On July 7, 2023, a team of NLP researchers from China have introduced BigTranslate, a large language model (LLM) that augments the capabilities of existing models to support multilingual translation across over 100 languages and has been made available on GitHub.
The group’s members are affiliated with the Institute of Automation Chinese Academy of Sciences, the School of Artificial Intelligence at the University of Chinese Academy of Sciences, and Wuhan AI Research.
Building on the foundation of LLaMA, an LLM introduced by Meta AI in February 2023, the researchers say BigTranslate is a unified solution designed to handle the translation of low-resource languages with high accuracy.
According to the researchers, BigTranslate’s strength lies in its focused training on Chinese and a large-scale parallel dataset of 102 languages. This methodology not only boosts its proficiency in Chinese (a language for which LLaMA previously demonstrated less than satisfactory results in understanding and generation) but also balances its competence across high-resource and low-resource languages.
To bolster BigTranslate’s multilingual competency, the researchers built a rich, parallel corpus dataset comprising 102 languages. This corpus was drawn from various public and proprietary sources, ensuring a broad linguistic foundation.
Recognizing the potential imbalance between language pairs, the team adhered to a data augmentation strategy. This allowed for greater inclusion of underrepresented language directions, creating a balanced and comprehensive corpus for more accurate translations.
In the endeavor to measure BigTranslate’s effectiveness, comprehensive multilingual translation experiments were conducted across all 102 supported languages. The team tested the model against widely recognized translation systems like Google Translate and ChatGPT, analyzing translations from a multitude of languages into English or Chinese.
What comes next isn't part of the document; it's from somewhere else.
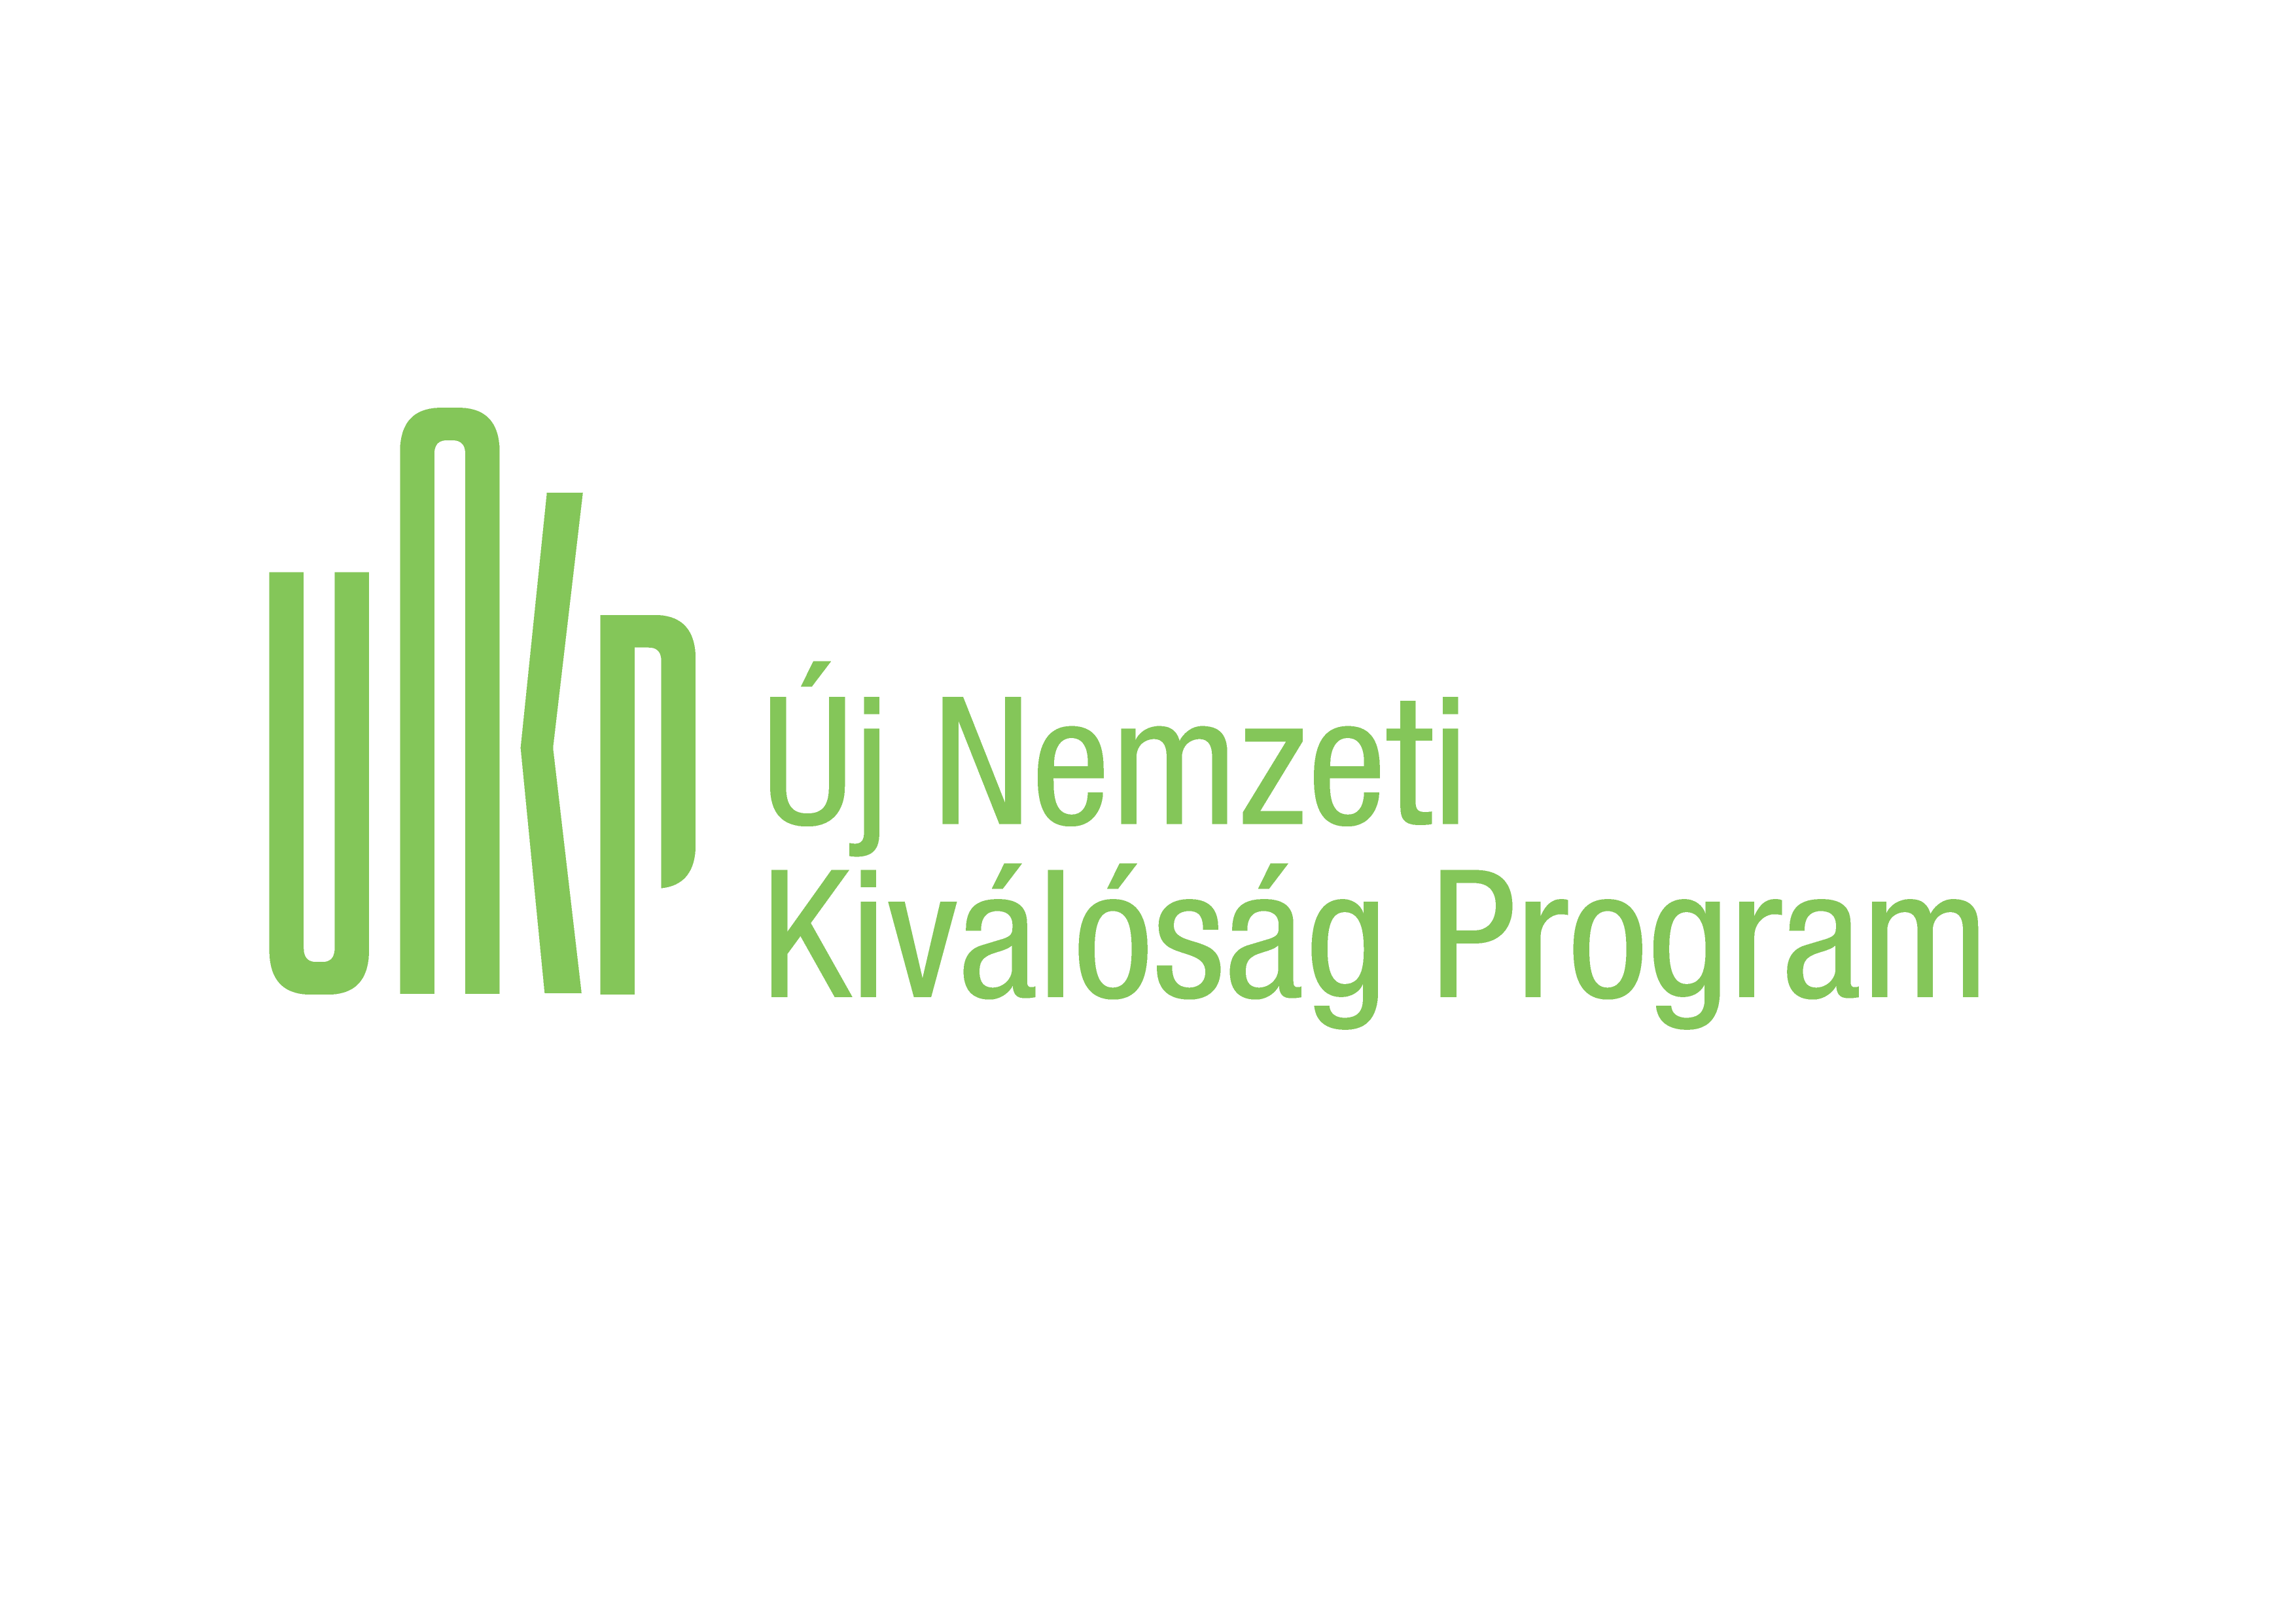 unkp_logo-04.png

The evaluation revealed that BigTranslate manages to surpass ChatGPT’s BLEU scores, a standard measure of translation quality, in nine language pairs.
Matching Google Translate
Taking the assessment a step further, the researchers utilized an automatic evaluation with GPT-4, focusing on the semantic similarity and style consistency between the source and the translation. As a result, BigTranslate closely matched Google Translate in many language pairs, the researchers claim.
Given its proficiency in translating languages such as Tibetan and Mongolian, BigTranslate may find adoption in the domestic Chinese market.
BigTranslate is just one example of the thousands of models being open-sourced on platforms such as GitHub or Hugging Face. Testifying before the US Congress in late June 2023, Hugging Face CEO Clement Delangue told lawmakers that on his platform alone, researchers and developers have shared over 200,000 models so far, with about 5,000 new ones being added every week.
Delangue specifically highlighted the translation of low-resource languages as a key use case of models shared on his platform. However, BigTranslate will likely not be able to rest on its Tibetan and Mongolian laurels for long.
Just as this article went to press, China-based Alibaba Group released POLYLM, which seeks to “transfer general knowledge to low-resource languages while maintaining the advantage of high-resource language in the model.” Many more models will follow.